In short, they develop a list of likely buyers, who are alerted and line up to play, and the whole thing is settled in a matter of days. The system still prevails, to the point that three times out of four a writer knows by Tuesday whether the script that went out Friday is going to mean big dough.
Of late, the basic Los Angeles real estate transaction has acquired an odd similarity to showbiz methods. Once again, agents control access to the goods, record-setting prices are being paid, and good judgment goes out the window as self-styled players hunger to prevail in the deal.

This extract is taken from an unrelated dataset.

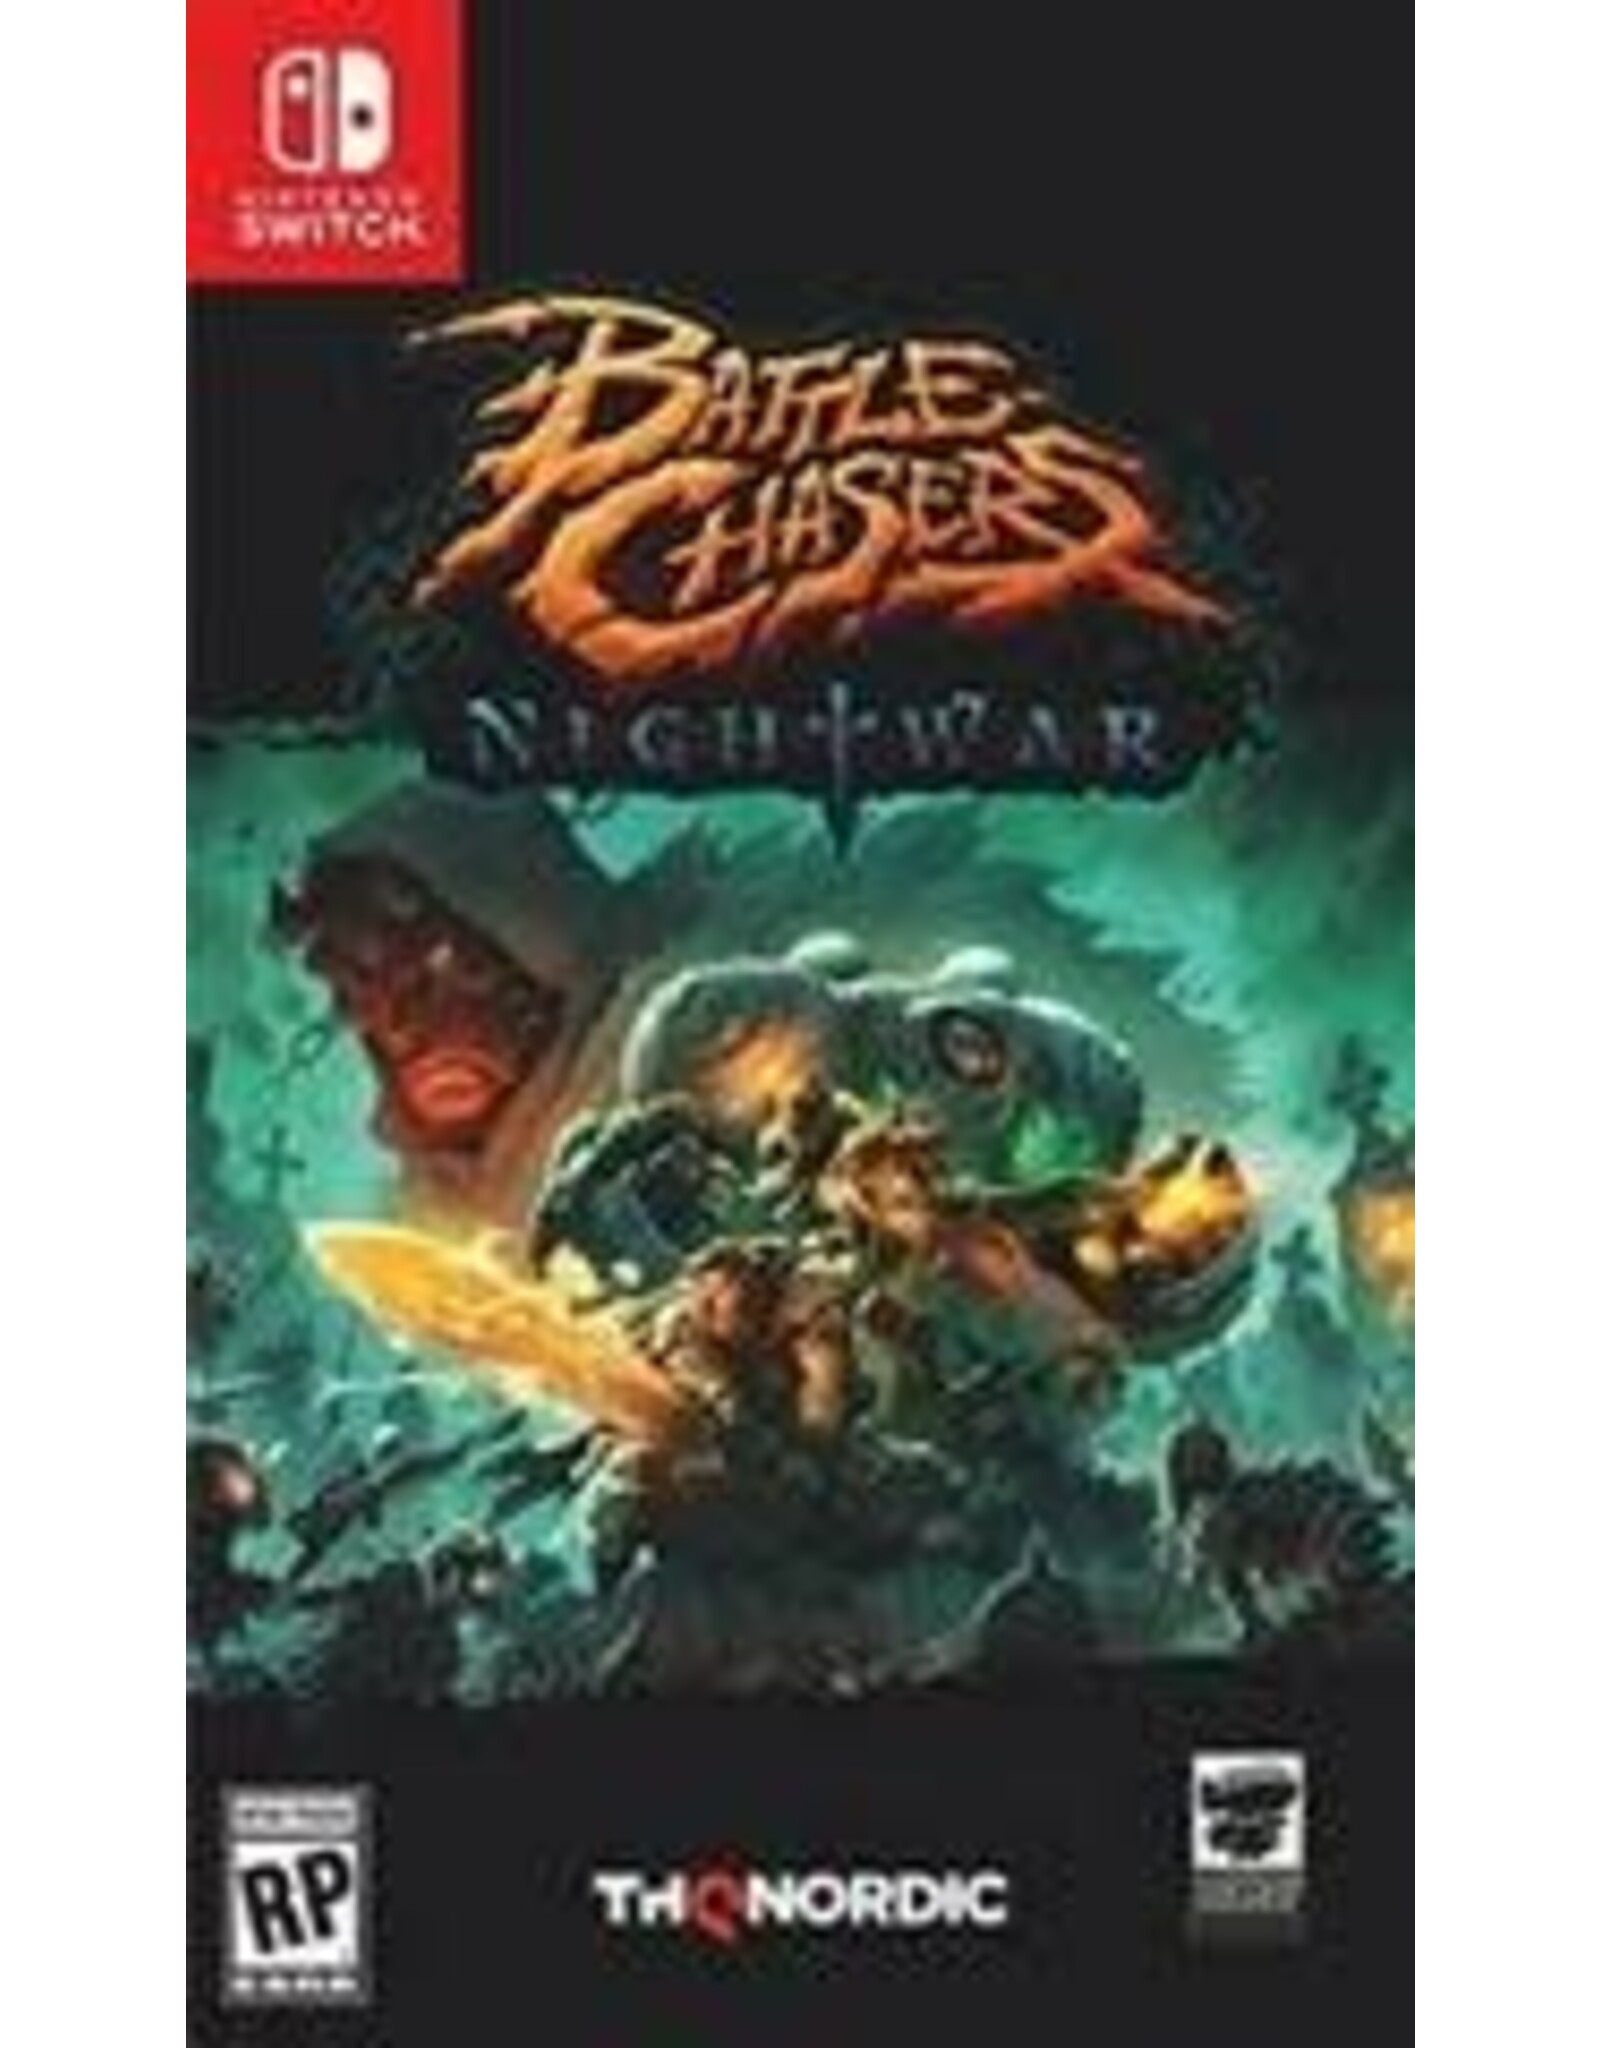 Used Game - Nintendo Switch - Battlechasers: Nightwar [CIB]

Take it from someone who’s watched a deal-crazed buyer bully an agent for info over a cellphone five, six, 10 times a day during a bidding war — for a house. These are strange times. Here, then, are instructions for play in either spec marketplace:
Be ahead of the curve; marshal your resources and prepare to act swiftly.
Screenplays/real estate: Buyers track hot properties and pounce early when they come on the market.
Weekends are primetime for getting in on the action; if you snooze, you lose.
Screenplays/real estate: Buyers stake out time and attention for the weekend read. Stressful, high-stakes financial decisions are made; offers are fielded and reviewed on Monday.
The bidder with the most nerve and the most cash wins. Extra courting may be required.
Screenplays/real estate: The top players stay in the game; a bidding war ensues; insane amounts of money are committed, with little assurance the property will hold its value down the road. Buyer also may need to persuade the seller of his good intentions and shared vision for the property, usually in a meeting (script) or a letter (home purchase).